I spoke with the owner late last night and he will try to pull the cam cover this morning and snap a pic of the lobes. I didn't even think to ask him to jot down the part number so we could cross reference the gear.

I really think we are on to something here and have high hopes on the pulley simply being wrong, but just needing to be spun for the proper lobe orientation :thumbup:


----------



## WaterWheels (Aug 14, 2005)

Sr. Karmann said:


> . . . look at the orientation of the dot in relation to the raised/lowered portion of the teeth and position in relation to the "spokes", they are definitely not the same. . . .The offset of the cam gear fits the gear closer to the head as you say, if it were installed the other way, it would push the gear outward toward the fender


The position to the cylinder head from the picture is hard to judge and was only an observation as to how it "looked". I'm going to have to say you got me as far as the dot is concerned. Didn't notice it was at the land and not at the grove, made wrong is possible but whatever the reason I'll have to choke on that part.



Sr. Karmann said:


> . . . he will try to pull the cam cover this morning and snap a pic of the lobes. I didn't even think to ask him to jot down the part number so we could cross reference the gear. . . have high hopes on the pulley simply being wrong, but just needing to be spun for the proper lobe orientation :thumbup: thumbdown


Yes, a part number would clear a lot up at this point and maybe you could contact him again to get it. If it is the wrong part, and it is looking more and more that way, just moving the cam to the correct position might not work. You will have to count the teeth and measure the diameter first to be sure it is the exact same size. I don't know what a 5 cylinder gear looks like but if that is what it is then no matter what you do it will never run right, if at all. Lets say it is the wrong gear, I suggest buying or finding the correct one before trying any "odd ball" fixes. But yea, part number :thumbup:


----------



## toastystuff (Jan 17, 2007)

ok so i took the valve cover off and aligned both marks...the dot on the out side of the pully was clearly not "rabbit ears" however heres what it the cam position looke like when i aligned the hash mark on the back of the pulley...


----------



## toastystuff (Jan 17, 2007)

*cam gear...*

heres the P/N # for the cam gear in question

049109111B


----------



## superl8 (Dec 31, 2002)

concerning the way you've got the cam in the pictures - what you've done there is fine.:thumbup:

However. Looks to me like the gear is on backwards. The writing stamped on the spokes should go out methinks. The cam I took a picture of cam off a running car - timed exactly as I described... and its installed the reverse of yours.
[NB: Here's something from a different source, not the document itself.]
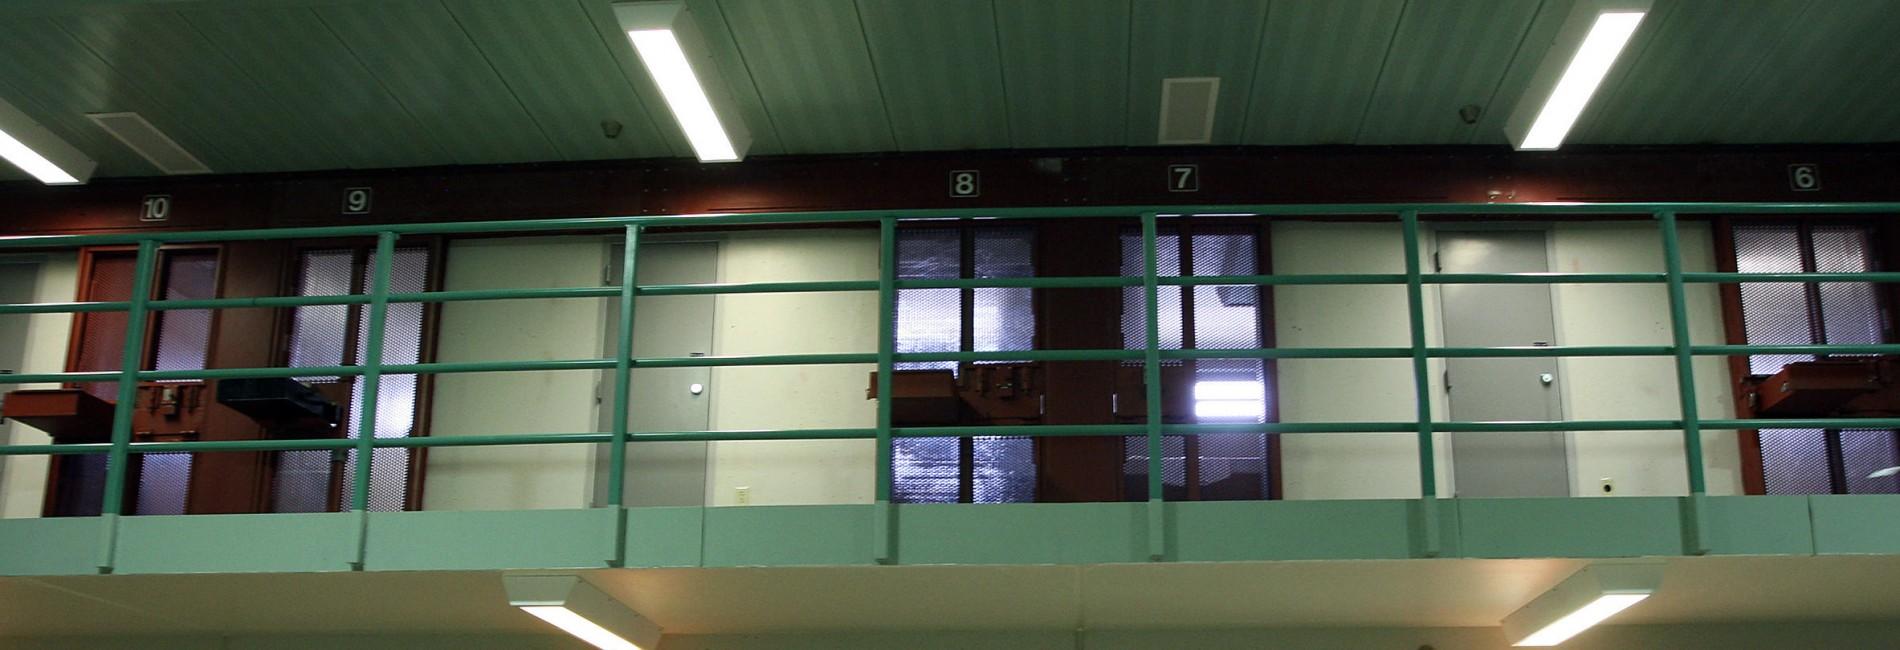 tamms-prison-landov
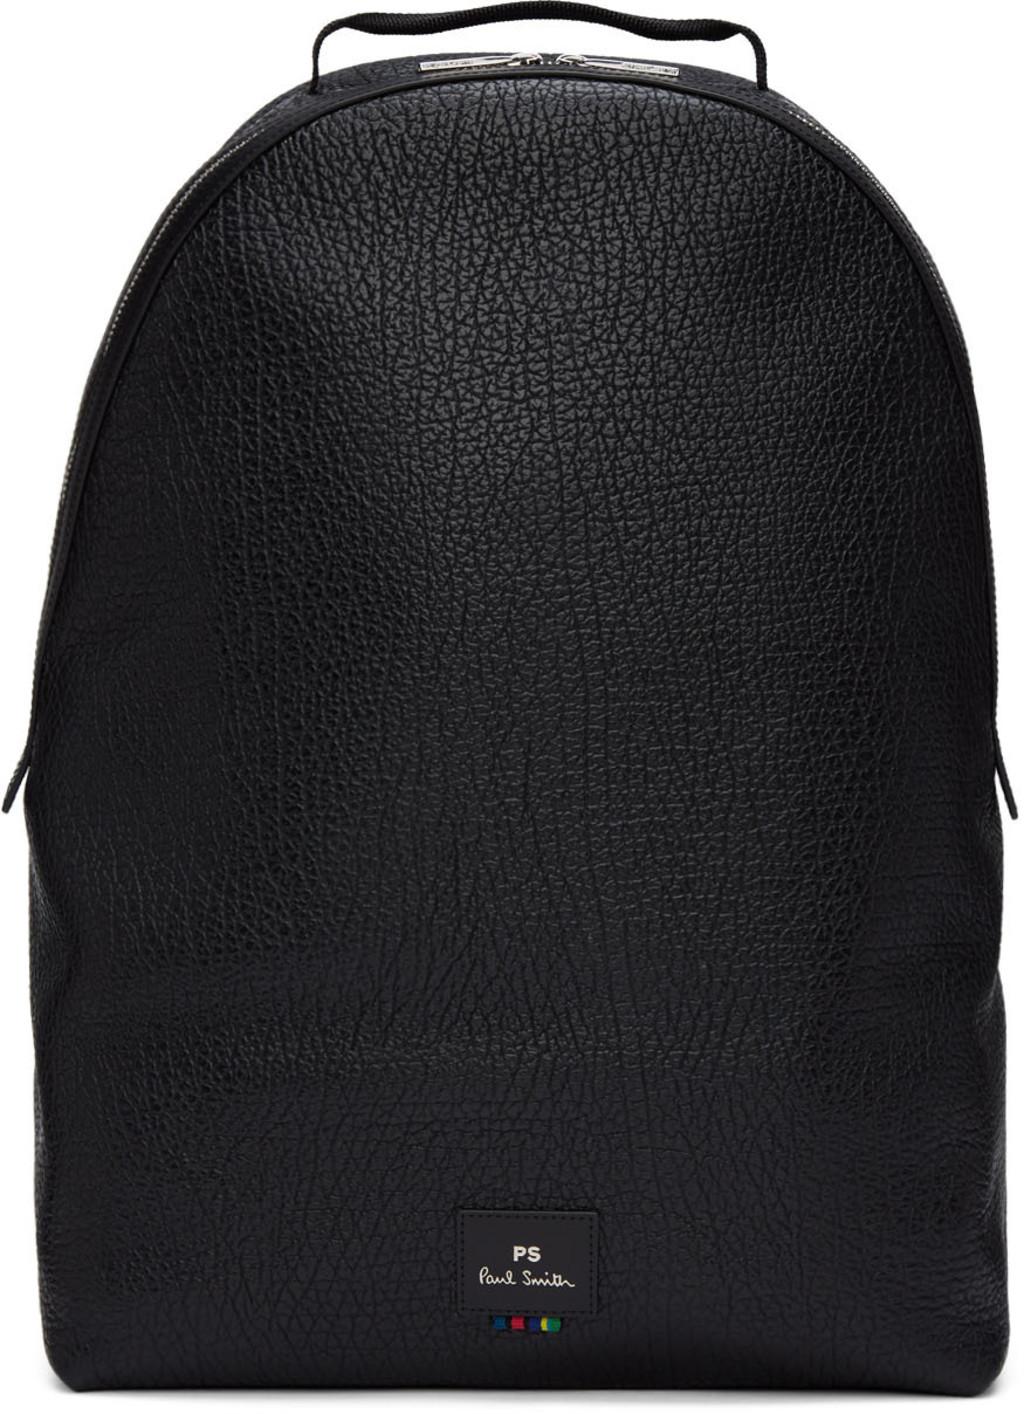 75c83329dfc6 Mens Designer Backpacks Louis Vuitton- Fenix Toulouse Handball

BTW. Be careful not to over-tighten the belt. It'll bitch the bearings on the intermediate shaft. It should twist 90deg @ mid-span - not using superhuman strength. I


----------



## WaterWheels (Aug 14, 2005)

toastystuff said:


> heres the P/N # for the cam gear in question
> 049109111B


I did a little search to find out about this cam gear. Yes I also got the number via IM, thanks. Turns out it is what you might call a "one off" part. It was listed as only used in the USA and was only installed in Golf models for about a year (85 - 86). I have discovered chatter however about it also in Audi and Seat sites and in the UK so maybe ETKA is not correct. It seems that it was made backwards to the more common part, dot in rear and line in front. They seem to be made the same, location of the marks and their effects on engine timing, just that the type of marks were reversed  In any case the replacement gear and the gear installed from that time period on is PN 049 109 111 C

If this were my car I would either locate the newer gear and use that or get a cool looking aluminum one with adjustment if you ever need it. But seeing as the engine looks so far to be set up correctly, we're back to just why your compression is so low? Two other requests that will help rule out engine setup as the problem. A picture of the ignition distributor, cap and shield removed, showing the rotor position and one of the flywheel through the timing hole showing the markings and pointer (if possible). Both taken with the camshaft set just as it sits in the pictures above. Or an least your honest word as to their positions. Don't want to sound like I don't believe you, it is just that pictures often show more than what they were intended to show.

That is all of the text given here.